Italian Roman Catholic Church prelate

Carlo Margotti (22 April 1891 – 31 July 1951) was an Italian prelate of the Catholic Church who worked in the Roman Curia, served in the diplomatic service of the Holy See, and was Archbishop of Gorizia and Gradisca for seventeen years.

==Biography==
Carlo Margotti was born on 22 April 1891 in Alfonsine, Italy. He studied at the seminaries in Bologna and Rome and was ordained a priest of the Archdiocese of Bologna on 11 May 1915. From 1915 to 1923 his fulfilled pastoral assignments in Bologna. For part of that time, from October 1915 to September 1919, he also served in the Italian army using his knowledge of Slavic languages to censor mail. He taught at the Bologna seminary for two years and in October 1921 joined the staff of the Congregation for the Oriental Churches as secretary of its Russian section.

On 8 March 1930, Pope Pius XI named him titular archbishop of Mesembria and Apostolic Delegate to Constantinople. (Note: Peter Hebblewaite, in his biography of Pope John XXIII, describes Margotti in Constantinople as "something of a disaster".) He received his episcopal consecration on 25 March 1930 from Cardinal Luigi Sincero. On 12 February 1931, Pope Pius assigned him the additional responsibilities of the Apostolic Delegate to Greece.

On 25 July 1934, Pope Pius appointed him Archbishop of Gorizia.
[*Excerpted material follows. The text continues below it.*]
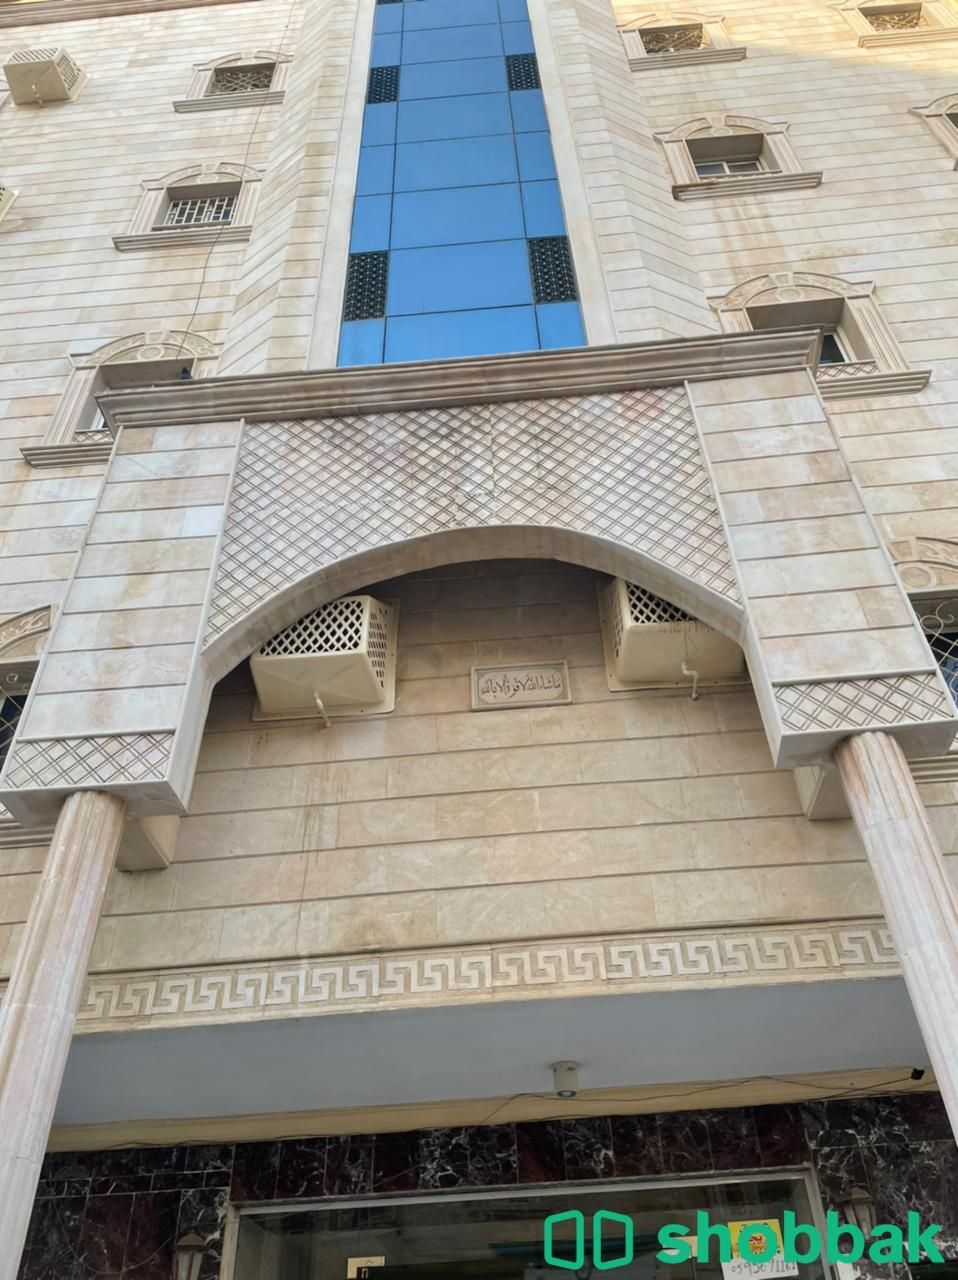 شقة رقم (٢) للإيجار - حي المروة Shobbak Saudi Arabia

On 27 October 1934, Pope Pius named him a consultor to the Congregation for Oriental Churches.

He was the first Italian to lead the archdiocese after a succession of Slovenes and Austrians. Its territory had only been conjoined to Italy at the end of the First World War. He tried, with limited success, to meet the government's demands for imposing the Italian language against the resistance of his Slovene clergy. He was hampered in this situation by his personal preference for the Italian nationalist point of view. (Note: In a 1936 report he wrote of his vision for the Archdiocese: "one, one, Catholic, apostolic, Roman, strongly Roman and Italian".) He was arrested at gunpoint and expelled from Gorizia by Yugoslav troops in May 1945 during their brief occupation of the city. He returned after the end of World War II to an archdiocese that had lost almost two-thirds of its area with the redrawing of national boundaries.

He died in Gorizia on 31 July 1951 after a long illness at the age of 60.